Snowe later married a Lewiston orphan, Olympia Bouchles, now a US senator. (He died in a tragic car accident in April 1973.) John Richter, Senator Snowe's chief of staff, said she was not on the scene when her late husband would have helped LePage, but that Myrick was, indeed, one of Mr. Snowe's close friends and that the incident "sounds like something Peter would have done." LePage has nonetheless remained fiercely loyal to Ms. Snowe, endorsing her reelection. "She went on to finish the job he started," he told a Portland forum, and suddenly looked choked up. "And she is now the senior senator from the state of Maine." Richter said their friendship is partly based on common experiences: "the senator and the governor share the same hometown as well as very challenging times growing up, with the senator's parents having both died by the time she was ten years old." (She endorsed LePage's gubernatorial candidacy.)

feat_LePage-Husson2_main
THEN AND NOW LePage entered Husson College while its new campus was still under construction.

Beginning the escape

Attending Husson was a more than just a turning point for the future governor. He recently described it as his greatest achievement, saying everything else has "all been a bonus." He's said his fraternity brothers "were literally my family" and that the education he received was the "driving force" of his future success. "My life began the day I started college," LePage told an audience last summer. "I wouldn't want to live a day prior to going to college."

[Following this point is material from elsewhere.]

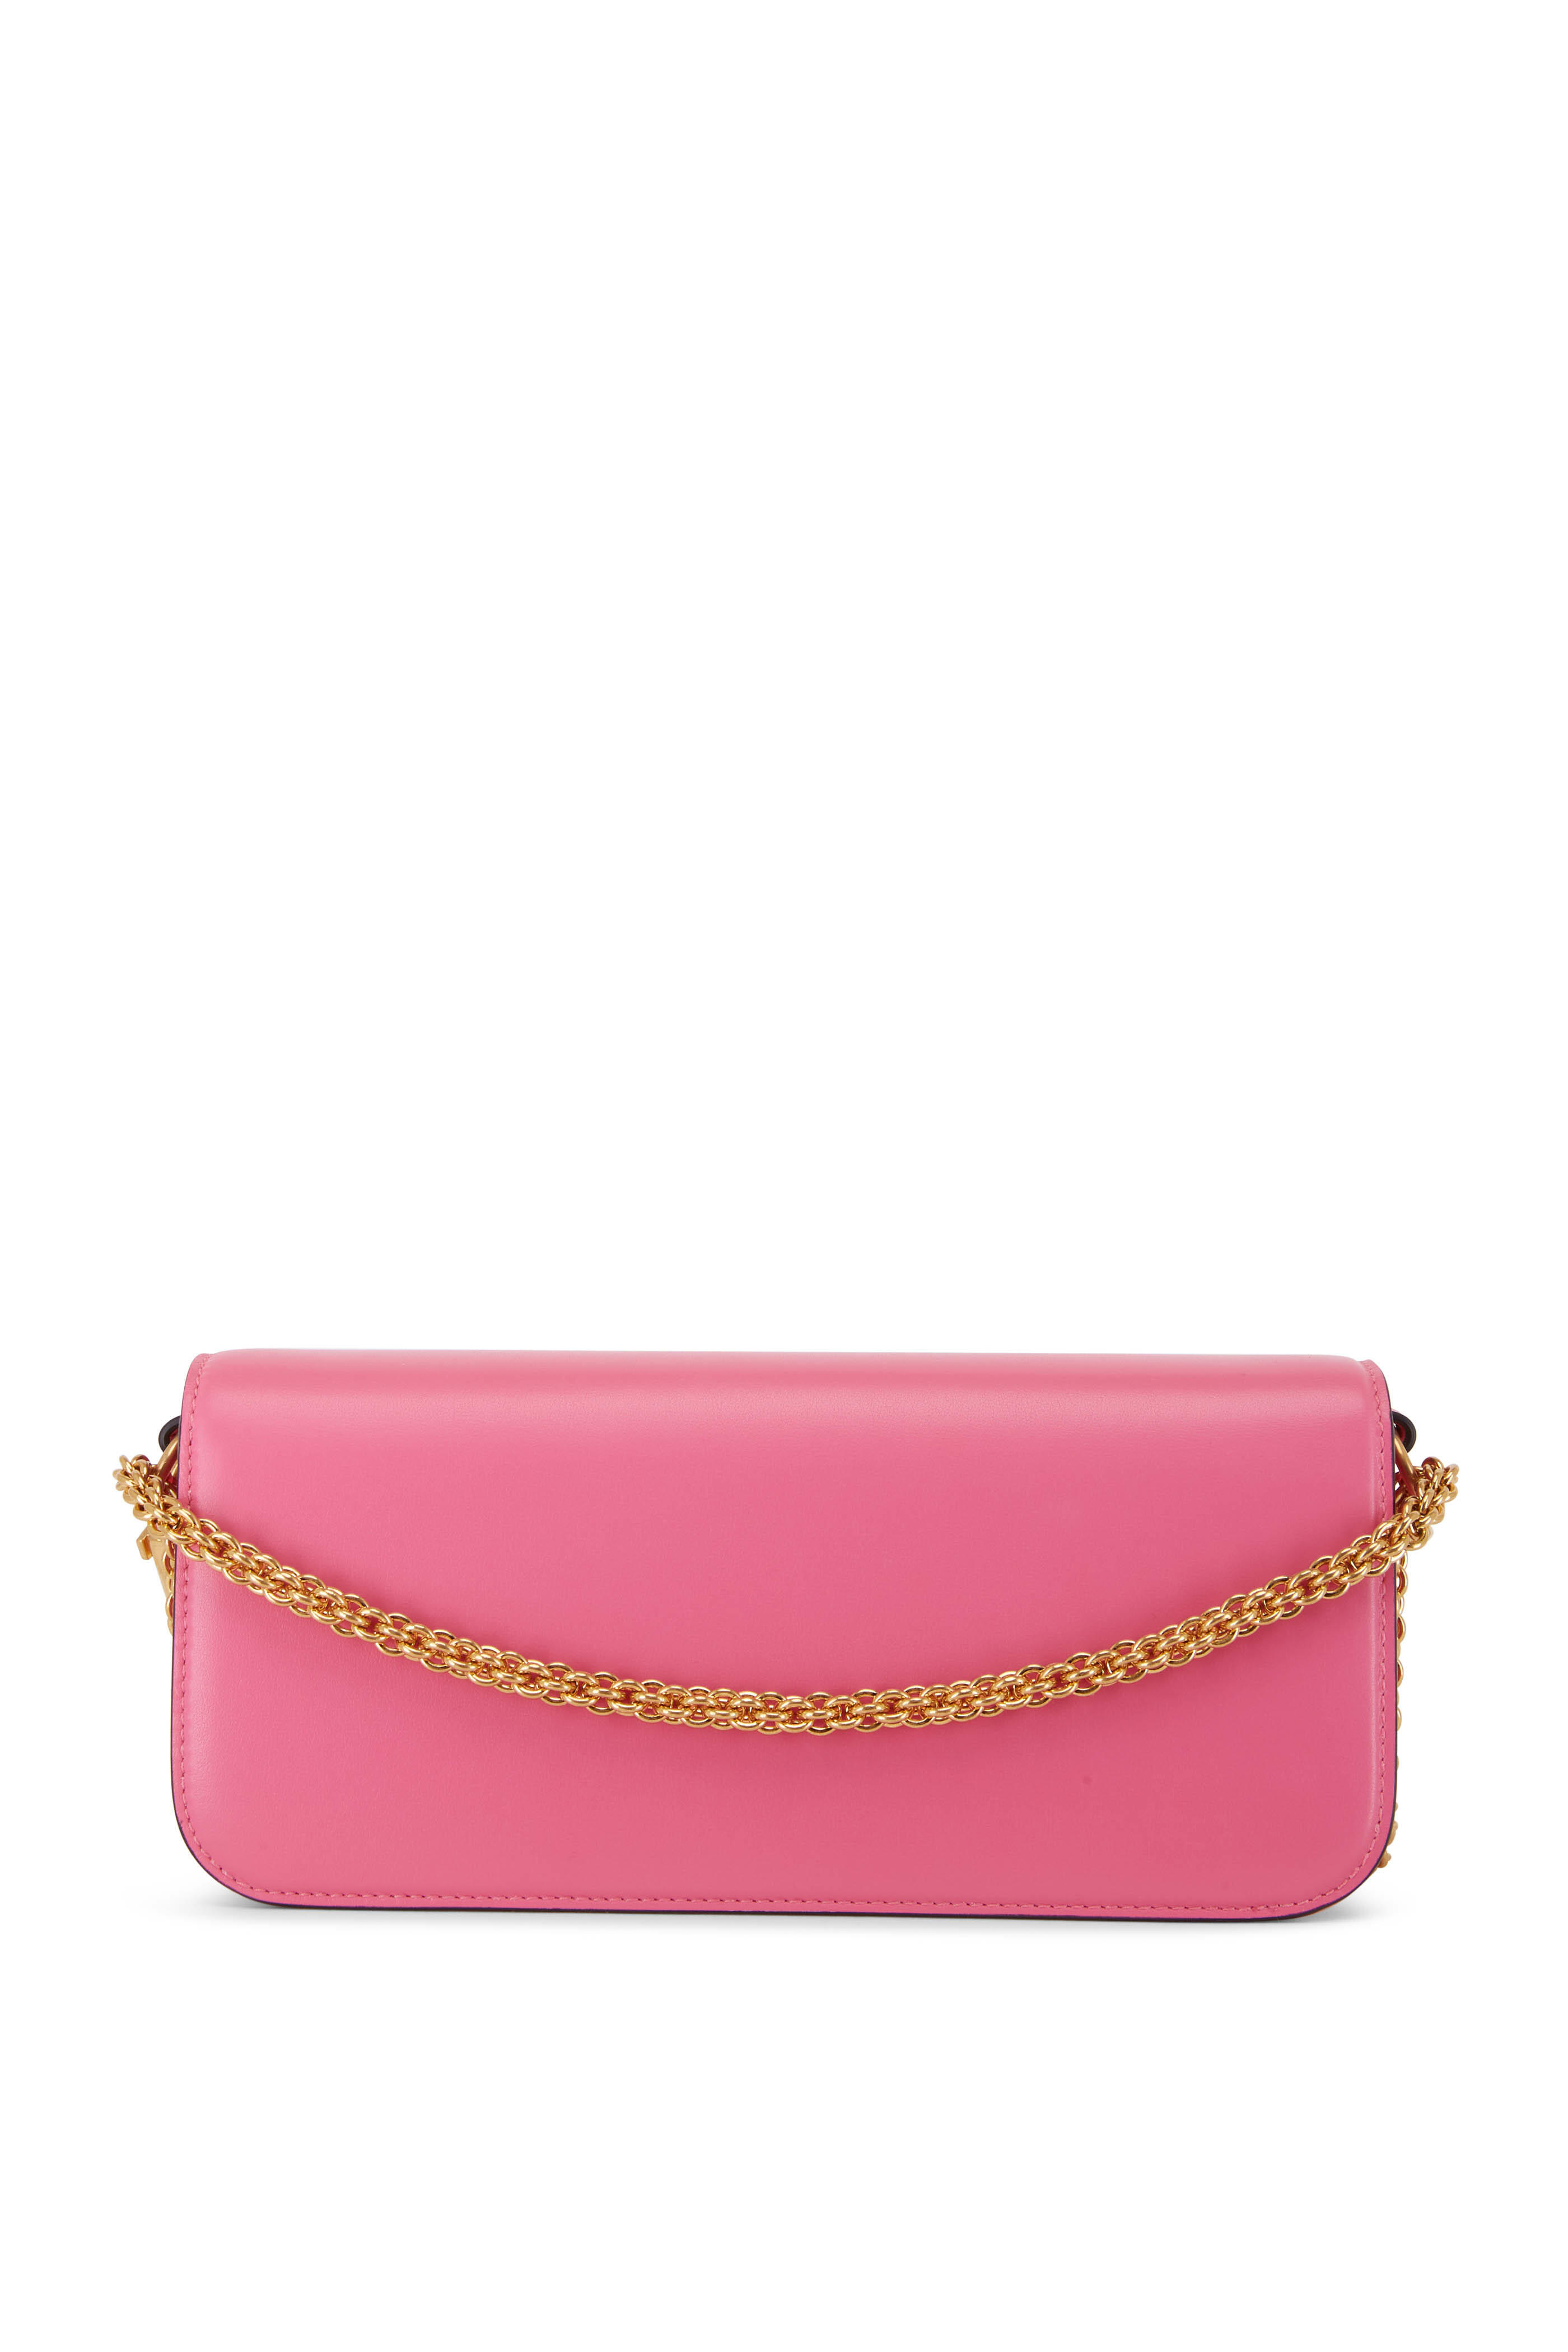 Valentino Garavani - VLogo Pink Leather East West Shoulder Bag
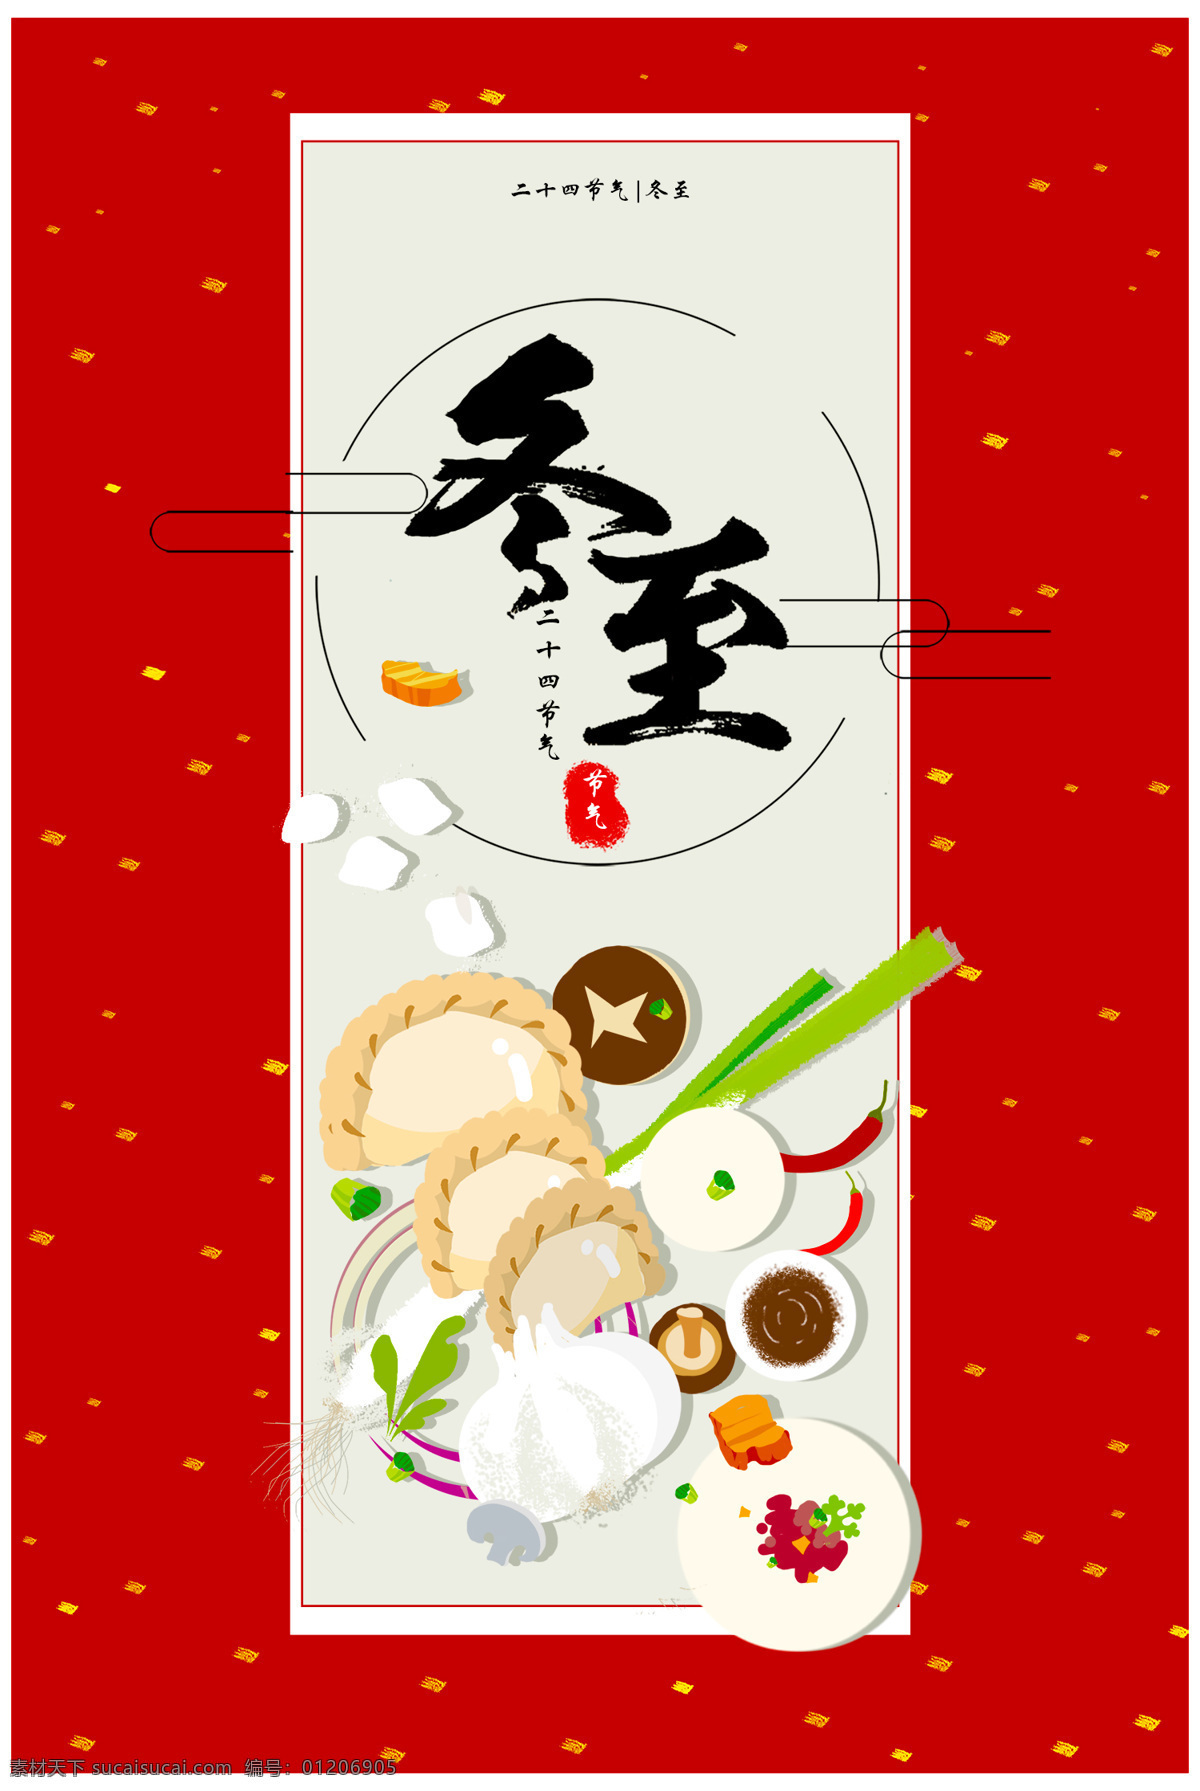 冬至 就要 一起 包 饺子 插画 元素 海报 展板 包饺子 吃饺子

LePage — thin and serious looking in photos from the period — thrived. He was editor of the daily campus newsletter, the Tomahawk Tally, vice president of the student senate, treasurer of his sophomore class, junior class vice-president, and president of the senior class. He played intramural sports, joined an outing club and a fraternity, and served on the college's student affairs committee and as a counselor to other students at the career planning office. All the while, he held part-time jobs — bartender, short-order cook, editor — to pay his living expenses. (He has said his first-year tuition was paid by Snowe and Anthoine, the remainder covered by scholarships and loans.) He would graduate with, he later boasted to a newspaper reporter, a "3.0-plus" grade point average.

LePage arrived at Husson at a strange historical moment. The school had just moved from its downtown Bangor location to a new campus in the outskirts. Parking lots remained unpaved, and many lawns were still unseeded. The new brick dormitories and academic buildings looked out on the construction sites of other yet-to-be completed buildings. But college administrators were already having trouble filling all those new beds and classroom seats. "They had taken out all this debt to build this campus, but hadn't figured out where the students would come from," recalls Chuck Sliter, who was a year behind LePage. "They looked around and said, oh my God, there aren't enough people in Maine to fill all these dorms!" In desperation, Husson dispatched recruiters to community colleges across the northeast in an effort to get transfer students. "I went up there sight unseen," says Sliter, who transferred from upstate New York. "I couldn't have asked for a better place to end up, because it was probably the most dysfunctional college around at the time."